Harry Hill was in college when the war started. Commissioned as an ensign in the Navy, Hill became a lieutenant junior grade at Pearl Harbor, shipping supplies to Midway Island and other islands in the Pacific. A college roommate who became a captain in the Marine Corps was killed at Iwo Jima.
"I wanted to see Washington," Hill said. "It's one of the few places I didn't get a chance to go to."
A retired probate attorney from Madison, Wisc., Hill will be 91 on Sept. 30. He lives in a retirement community in Asheville.

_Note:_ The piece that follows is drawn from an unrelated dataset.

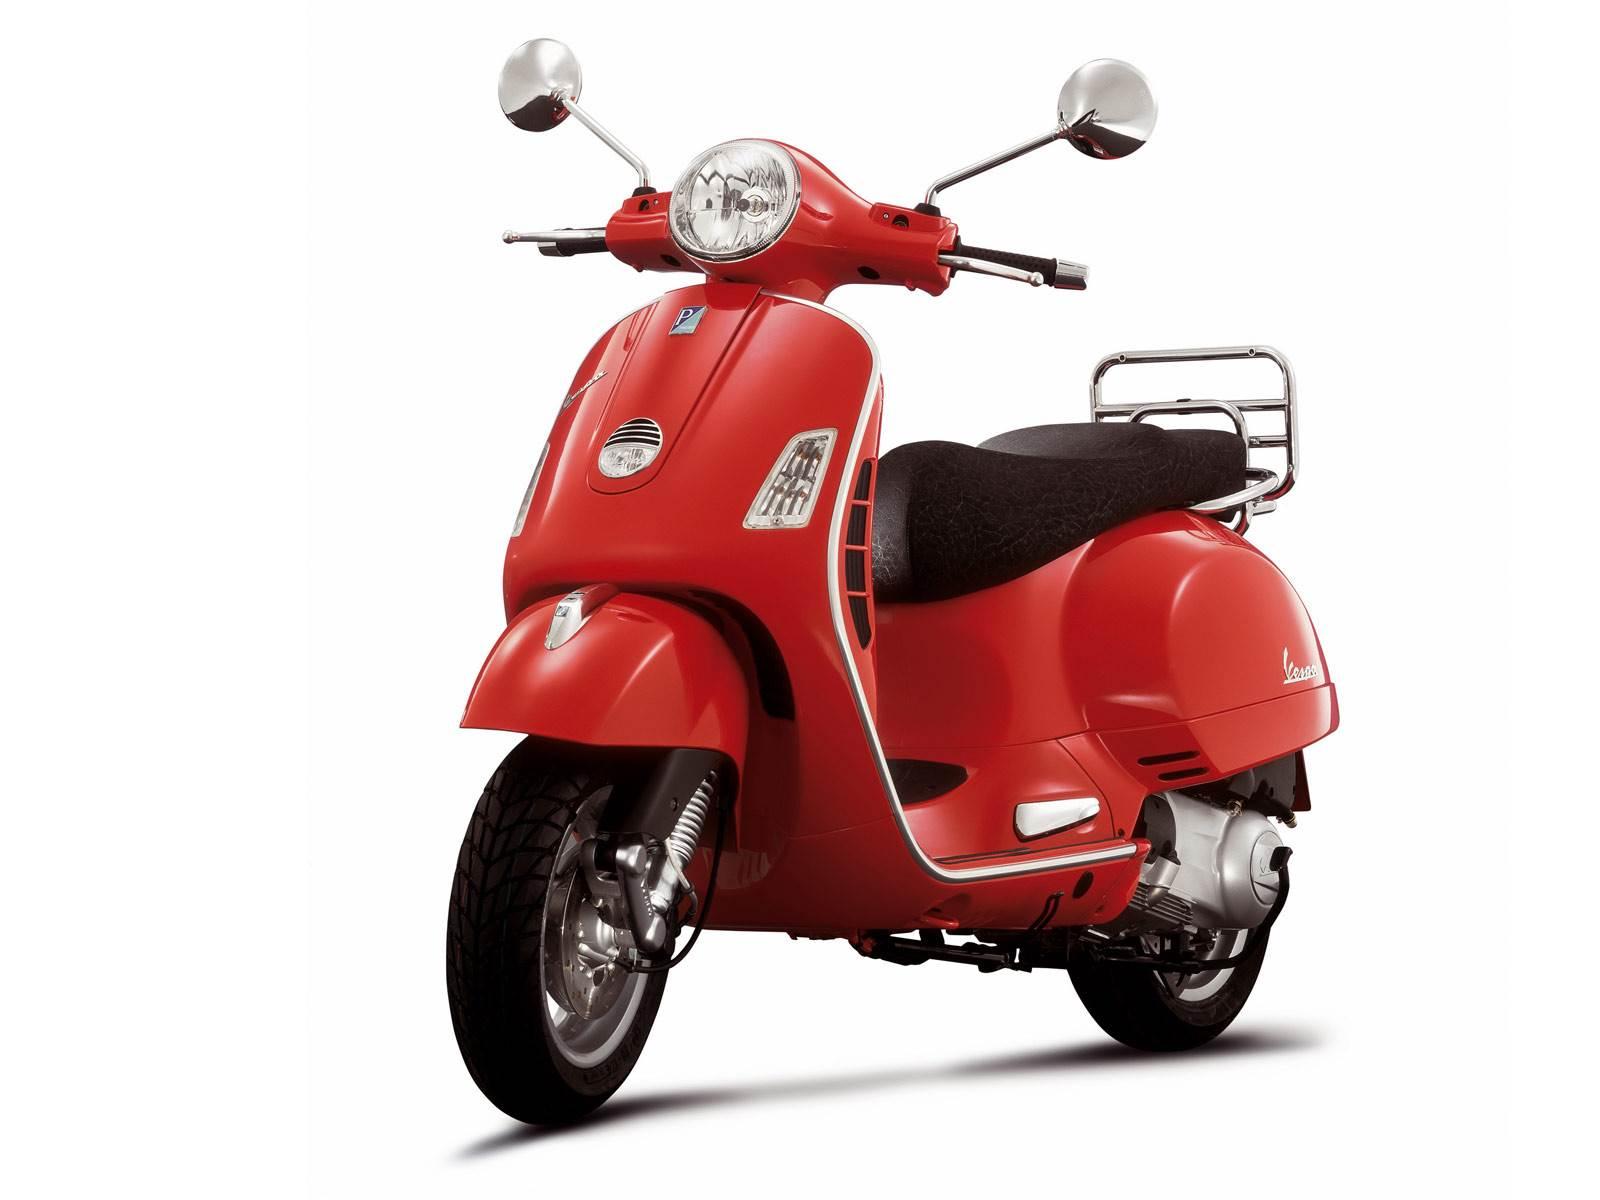 Vespa working on mass market scooter

"That reception when we landed, I'll never forget it," he said. "I heard something about it but it was much bigger than I thought."

'Thank you, Grandpa'

An airline pilot or first officer often says a few words from the cockpit, professional but impersonal, about the weather conditions, knots per hour, altitude. The 300th HonorAir flight had one more treat the veterans weren't expecting.

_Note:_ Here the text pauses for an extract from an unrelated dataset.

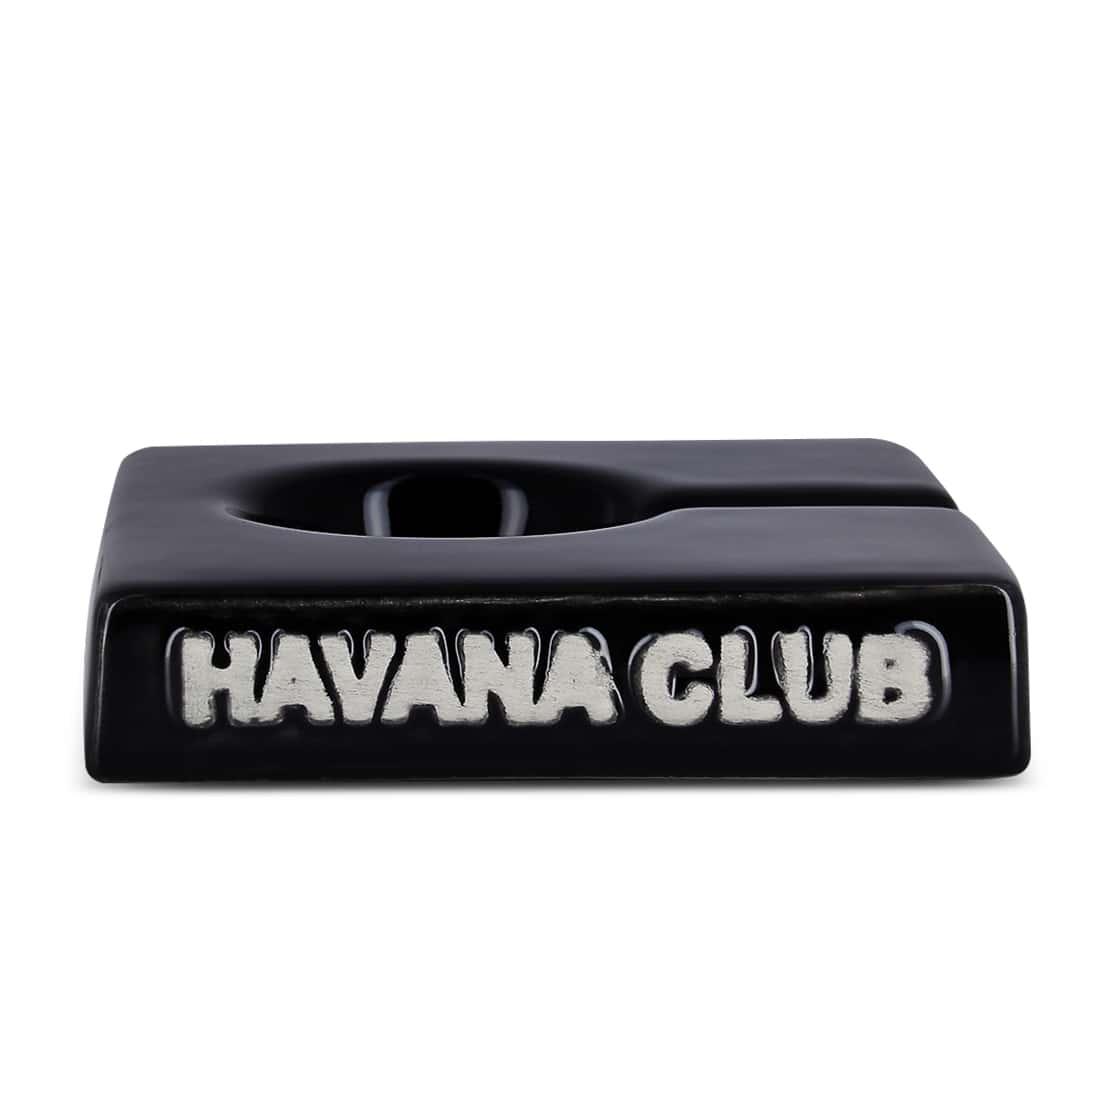 Photo de Cendrier Havana Club Solito Noir

Jason Hucks, an Honor Flight Greenville coordinator, explained over the speaker that Kristi Munn, a first officer for US Airways, heard that her granddad, Richard McAbee, was going on the flight. Hucks said he was trying to figure out how they could get her on board to ride. "She one-upped me and arranged to fly us home," he said.

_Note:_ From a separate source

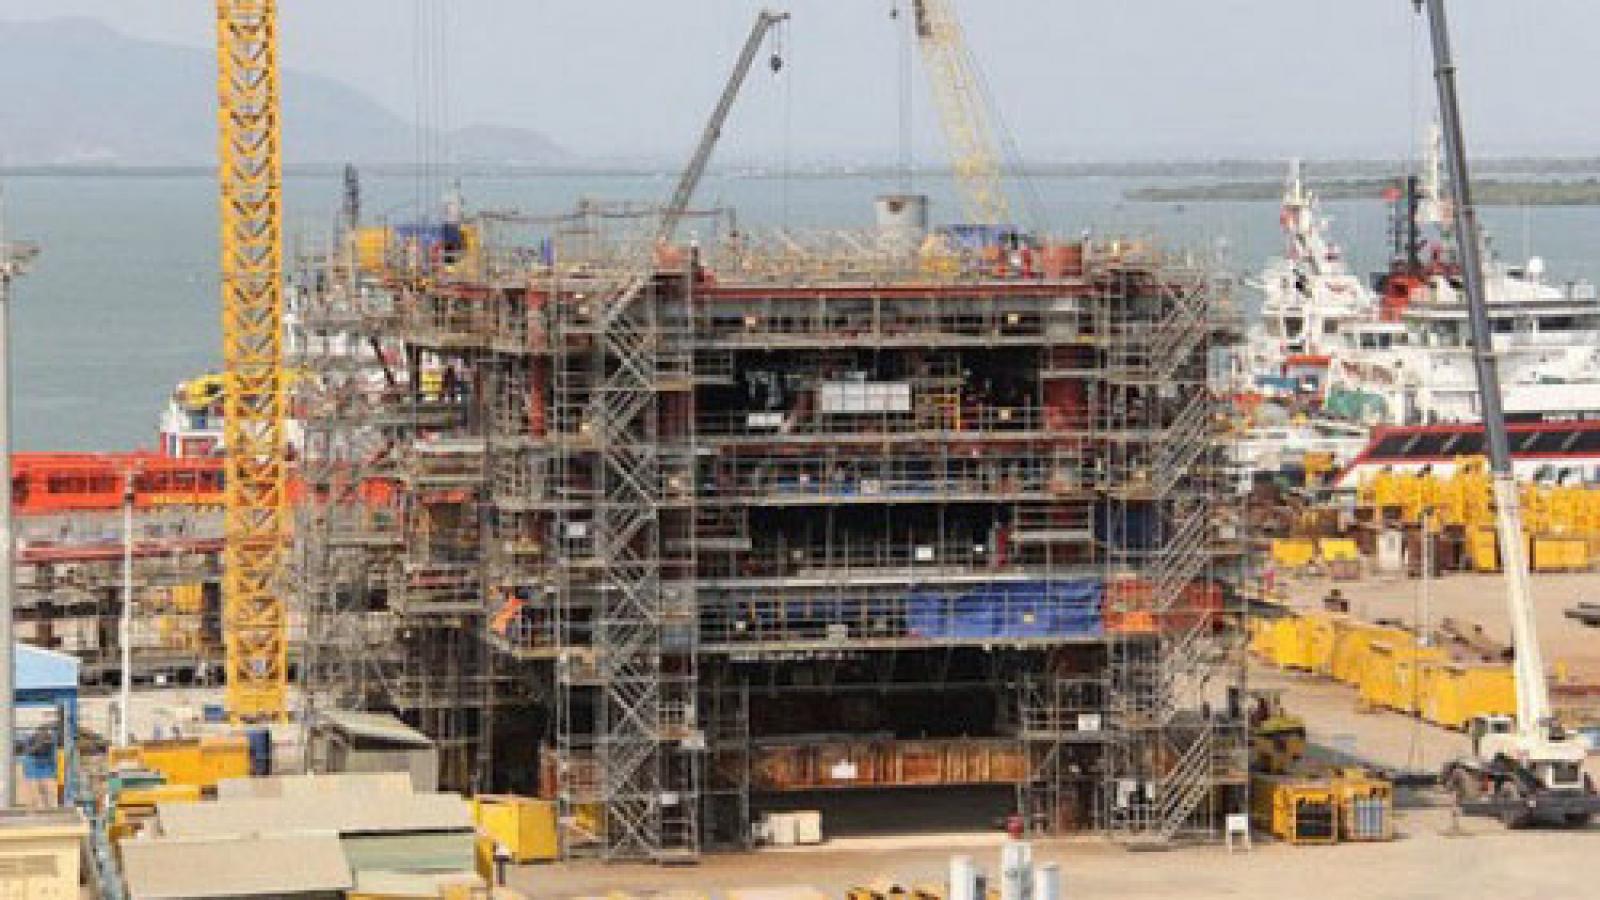 Vietnam to hand over US$100mn oil rig to Brunei in June

"I'm very proud of you," Munn said from the cockpit. "Thank you very much for your service. I love you very much and without you and everyone on this aircraft, all of you World War II veterans, you make it possible for us to do what we do. Thank you, Grandpa, and thank you all you veterans on the aircraft."

Welcome home

Soon the flight landed at Greenville-Spartanburg airport. The 300th Honor Flight trip went into the books. The greeting was not quite as it had been in Washington. It was dark and the hundreds of cheering well-wishers stood a hundred yards away, held back by a chain-link fence surrounding the cargo airfield.
Still, the Woodmont High School band played. A Marine sergeant saluted each veteran as he or she came down the ramp. Twenty-five Greenville County sheriff's deputies lined up to greet them. As they came out of the small cargo terminal office, the old soldiers, sailors, airmen and Marines were surrounded and cheered once more by a swarm of clapping, whistling and hooting people, loved ones and strangers. Sixty American flags lined the drive outside the terminal. A little girl held a sign in red, white and blue lettering that said "Proud great-granddaughter of a World War II Veteran."
As they had in the early glow of the day, during the welcome at Gate 38 and at the random words of thanks from strangers all day at memorials in Washington, the veterans nodded and smiled. They accepted the gratitude of a nation that was, if long delayed, heartfelt and emphatic.